The Newcastle estate made famous by BBC TV’s Byker Grove is home to many young people who feel they have no value. Church Army’s Steve Dixon is showing them that God thinks differently
It’s Friday and in a small room about six young adults meet with their project leader after a long day reaching out to people in the community. They’re covered in mud and dirt from cleaning local parks and community centres as they share a message that God loves and cares for the people of Byker.
Byker was recently given Grade II listed status and is now officially regarded as a place of historic and architectural importance. It’s also an area marked by layers of deprivation, health inequalities, unemployment and social exclusion.
The young people in Byker have low self-esteem and need reassurance. Steve Dixon says: “Young people and children that I work with don’t know their value and that’s very sad to see. Whenever you ask them what they think about Byker they always say: ‘It’s rubbish and it’s no good’ – and in saying that they’re including themselves.

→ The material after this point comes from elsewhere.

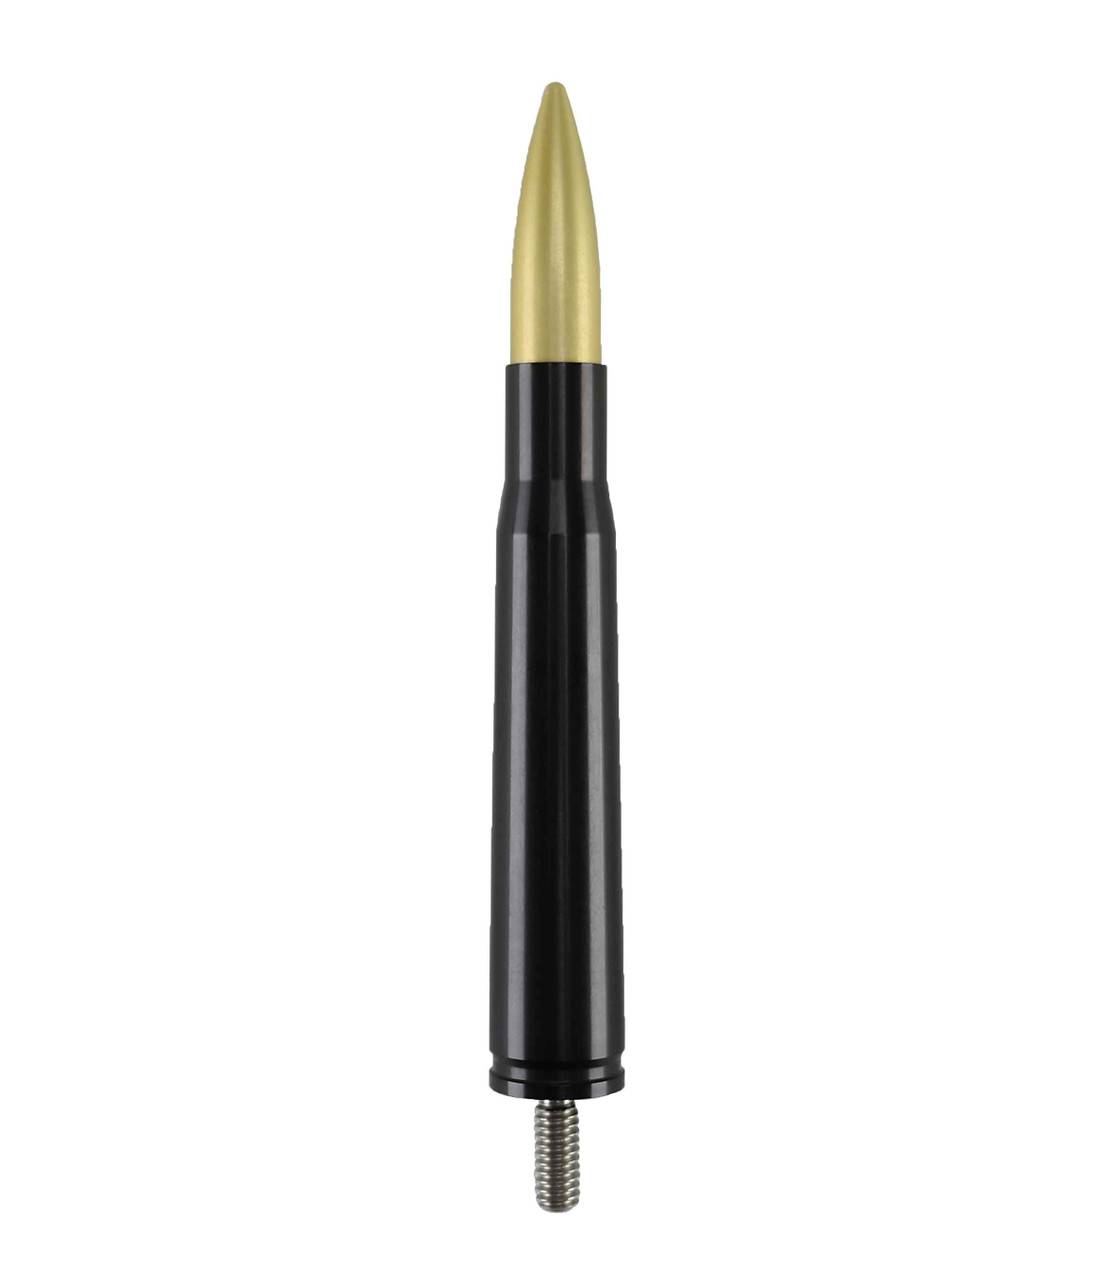 GOLD 50 Caliber Bullet Aluminum Antenna - Part Number A435-GOLD-CB - Made in USA

“For me that’s kind of heartbreaking to hear because it’s not just what they see in the area, the deprivation, but also it’s what they’ve been told, and what they’ve taken on board about the place they live in and also about themselves.
“I want to get them to a place where they become confident in themselves and the things that surround them. I want them to be confident in the knowledge that in spite of what they see around them, God loves Byker and he loves them.”
Steve enlisted the help of the six young adults from a recent Youth for Christ NE1 event which saw some 3,000 or so young people camping together at Herrington Country Park to serve the community and take part in various activities to demonstrate God's love in a practical way.
"It’s great that young Christians can come into Byker and share their faith with their peers through community service and at film nights and sports evenings,” says Steve. “It has done a lot of good, as many Byker youths now believe in themselves in a way they haven’t before."
Seventeen-year-old Amy from the Byker Estate knows only too well about hanging out on street corners and a life dominated by alcohol and drugs. Amy’s aspiration in life was to become a mum before the age of 20, to live in a council flat and claim benefits. Through the inspiration provided by some of the young people she has met, Amy’s plans have changed.
“It's good to know there's another way to live and that we have a choice about how we live,” she explains. “Seeing how other young people live has encouraged me to make different plans for my life.”
Steve is focused on helping to change perceptions and although pleased with Amy’s progress, he knows there’s a lot more that needs to be done for hundreds of young people like her. As part of his ministry, Steve is heavily involved with the Byker Primary School and has developed a new way of working with the 9-12 age group, now known as “The Crew”, which meets at St Michael's Centre every Thursday.
“My work at The Crew club has focused on the theme of self-esteem, using Psalm 139 to show how much we are loved and created as individuals by God,” says Steve. “Many children grow up in Byker with very little sense of value for themselves, but the Gospel shows the worth of each one of us, and I am determined that the children I work with know their value in God's eyes.”
In the local community, Steve is known for his hands-on approach to the Gospel – doing everything from getting his hands dirty clearing rubbish bins and singing to toddlers at mother and baby groups, to organising Mexican waves at high school assemblies.
Dorothy Craigie, the churchwarden at St Michael’s Church, has seen how Steve’s work has made a difference in her own approach to ministry. “The way I work and the way I think about church has changed. I now see that church has more to do with the way we live and how we relate to people, and Steve has been a major force in helping me to understand this.
“He is an inspiration and I have done things now I never would have dreamed of doing if Steve hadn’t shown me a different way of doing church.”
In the end, Steve believes it's about getting alongside people and sharing faith in the ups and downs of life.
“My faith is not worked out on a Sunday morning, it is worked out as I rub shoulders with people in everyday life. That’s when they throw questions to me about my faith, and living out faith has to be done in the real everyday world where we meet all kinds of contradictions and difficulties.
“One man who I prayed for regularly during a time of deep depression and mental instability once told me: ‘If it wasn't for you then I don't think I would be here’, and commented, ‘Jesus has done so much for us’. That, I think, is how faith should be lived out.”